For built-in catalog datasets, data_source is the dataset ID (e.g. earthsearch/sentinel-2-l2a, pc/sentinel-2-l2a). This avoids collisions when multiple providers use the same STAC collection id but different asset keys or auth rules.

For BYO STAC/Parquet workflows, data_source defaults to the STAC collection id when available. Override data_source= when you need to select a specific band mapping or cloud/auth behavior (for example, when two providers share a collection id).

Most users only touch DatasetDescriptor/build(). The registries are internal implementation details used to keep read-time code simple and fast.

Key components

Collection

Collection is the central user-facing object. It wraps a pyarrow.dataset.Dataset and provides:

Collections are immutable; filtering returns a new Collection with a filtered view of the same underlying dataset.

RasterAccessor

RasterAccessor is the data-loading handle for a single Parquet row (record) in a Collection. Each accessor loads bands concurrently using asyncio.gather, which is the main source of Rasteret's speedup over sequential approaches.

COGReader

COGReader manages connection pooling and tile-level byte-range reads. It:

  1. Merges nearby byte ranges to minimize HTTP round-trips.
  2. Delegates to obstore for all remote reads, with automatic URL routing to native cloud stores (S3Store, AzureStore, GCSStore, or HTTPStore).
  3. Decompresses tiles (deflate, LZW, zstd, LERC) in a thread pool. (TIFF JPEG is currently rejected with a hard error until implemented.)

For authenticated sources, pass a backend created with create_backend() and an obstore credential provider.

Native dtype preservation

Tiles are decompressed and returned in their native COG dtype (uint16, int8, float32, etc.).

By default, AOI reads fill outside-AOI / outside-coverage pixels with the COG nodata value when present, otherwise 0, and a valid_mask is available for ML-safe workflows.
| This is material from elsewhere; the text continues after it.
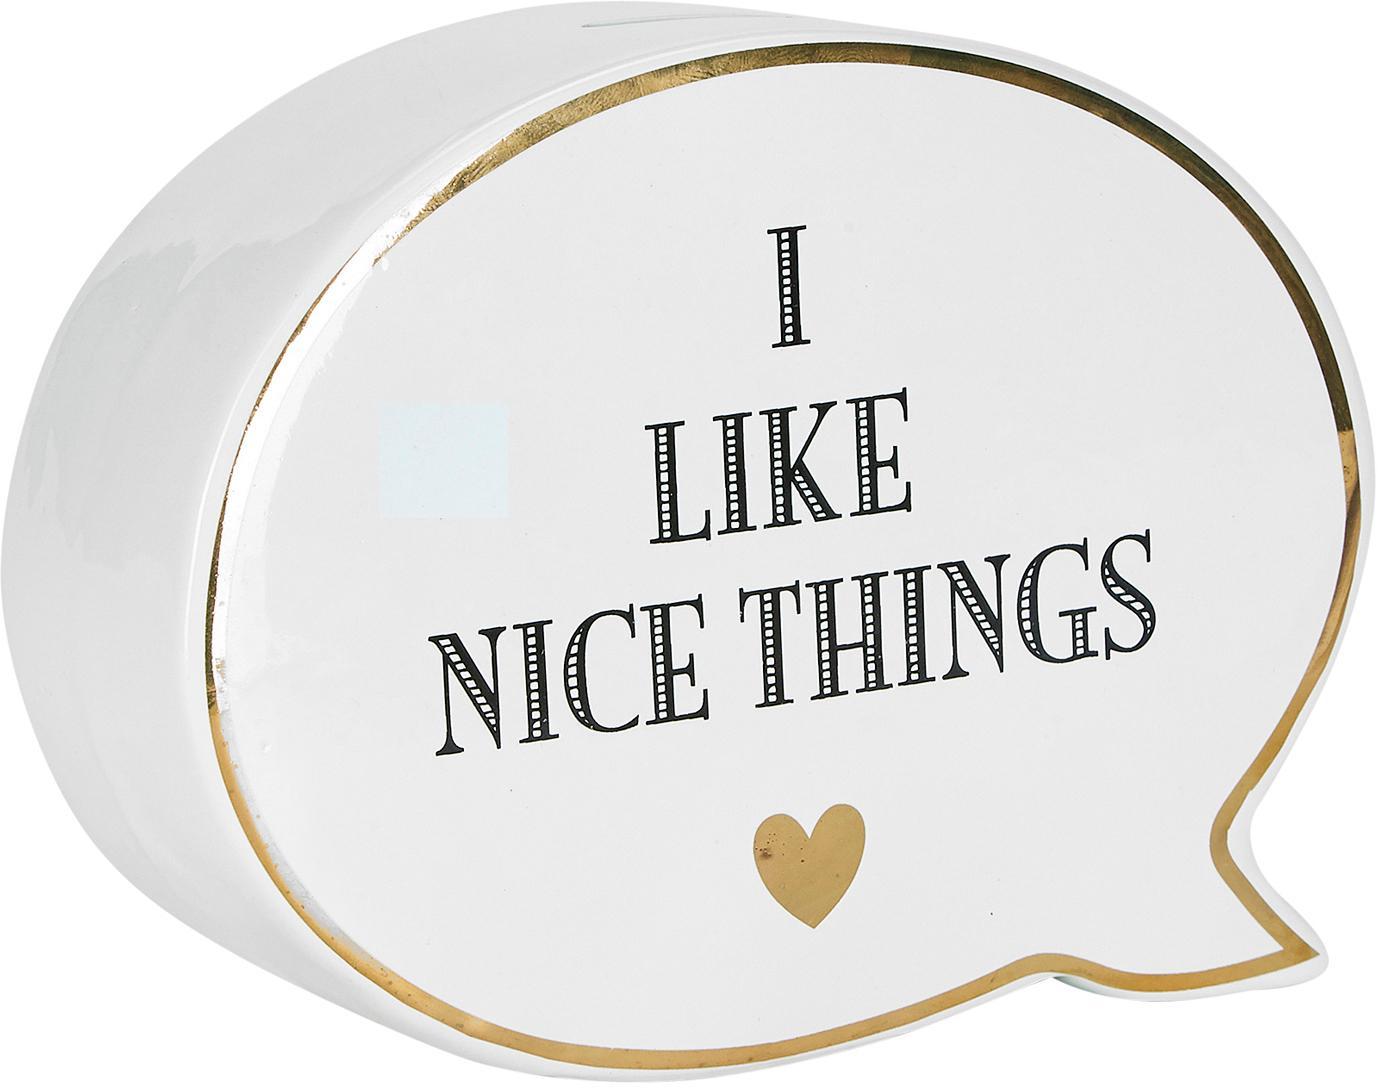 Salvadanaio Nice Things, Ceramica, Bianco, nero, Larg. 18 x Alt. 14 cm

The TorchGeo adapter keeps samples TorchGeo-standard by default and does not include valid_mask (see Ecosystem Comparison).

Ingest drivers

Each driver knows how to read one source type:

Both converge on build_collection_from_table(), which validates the collection contract, derives scene_bbox, and adds partition columns.

Why Parquet indexes?

Rasteret pre-parses COG headers at index time and stores them in a local Parquet dataset. Subsequent reads skip all header fetching and jump straight to pixel byte ranges, cutting latency by over 20x.

For a full discussion of why Parquet over Zarr manifests, JSON, or SQLite, see Design Decisions.

Concurrency model

Rasteret uses Python asyncio for I/O concurrency:

  • Record-level: asyncio.gather across all rasters in a batch.
  • Band-level: asyncio.gather across all bands within a raster.
  • Tile-level: Merged byte-range reads with a Semaphore to cap concurrent HTTP.
  • Decompression: run_in_executor offloads CPU-bound tile decoding to threads.

This design is bandwidth-bound rather than CPU-bound, which is why the speedup grows with scene count (more I/O to overlap).